The code that works now is as follows:
// lmutracker.mm
//
// clang -o lmutracker lmutracker.mm -F /Library/Developer/CommandLineTools/SDKs/MacOSX.sdk/System/Library/PrivateFrameworks -framework Foundation -framework IOKit -framework CoreFoundation -framework BezelServices
#include <mach/mach.h>
#import <Foundation/Foundation.h>
#import <IOKit/IOKitLib.h>
#import <IOKit/hidsystem/IOHIDServiceClient.h>
typedef struct __IOHIDEvent *IOHIDEventRef;
#define kAmbientLightSensorEvent 12
#define IOHIDEventFieldBase(type) (type << 16)
extern "C" {
IOHIDEventRef IOHIDServiceClientCopyEvent(IOHIDServiceClientRef, int64_t, int32_t, int64_t);
double IOHIDEventGetFloatValue(IOHIDEventRef, int32_t);
IOHIDServiceClientRef ALCALSCopyALSServiceClient(void);
}
static double updateInterval = 0.1;
static IOHIDServiceClientRef client;
static IOHIDEventRef event;
void updateTimerCallBack(CFRunLoopTimerRef timer, void *info) {
double value;
event = IOHIDServiceClientCopyEvent(client, kAmbientLightSensorEvent, 0, 0);
value = IOHIDEventGetFloatValue(event, IOHIDEventFieldBase(kAmbientLightSensorEvent));
printf("\b\b\b\b\b\b\b\b\b\b\b\b\b\b\b\b\b%8f", value);
CFRelease(event);
}
int main(void) {
kern_return_t kr;
CFRunLoopTimerRef updateTimer;
client = ALCALSCopyALSServiceClient();
if (client) {
event = IOHIDServiceClientCopyEvent(client, kAmbientLightSensorEvent, 0, 0);
}
if (!event) {
fprintf(stderr, "failed to find ambient light sensors\n");
exit(1);
}
CFRelease(event);
setbuf(stdout, NULL);
printf("%8f", 0.0);
updateTimer = CFRunLoopTimerCreate(kCFAllocatorDefault,
CFAbsoluteTimeGetCurrent() + updateInterval, updateInterval,
0, 0, updateTimerCallBack, NULL);
CFRunLoopAddTimer(CFRunLoopGetCurrent(), updateTimer, kCFRunLoopDefaultMode);
CFRunLoopRun();
exit(0);
}
I found this in DarkModeBuddy (BSD 2-clause license), and adapted it into a cli tool in my dotfiles.

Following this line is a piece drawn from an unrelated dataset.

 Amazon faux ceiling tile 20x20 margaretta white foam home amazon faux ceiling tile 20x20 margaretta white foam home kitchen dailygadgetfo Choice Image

You can get the value of ambient light sensor using terminal.
For get the value first you should install the system management controller smc .exec then run it using terminal. After that run this command ./smc -l it's show's the list of all sensor's which exist on mac after that try to find the key which is ALSL this key give's the actual value of light ambient sensor of every mac.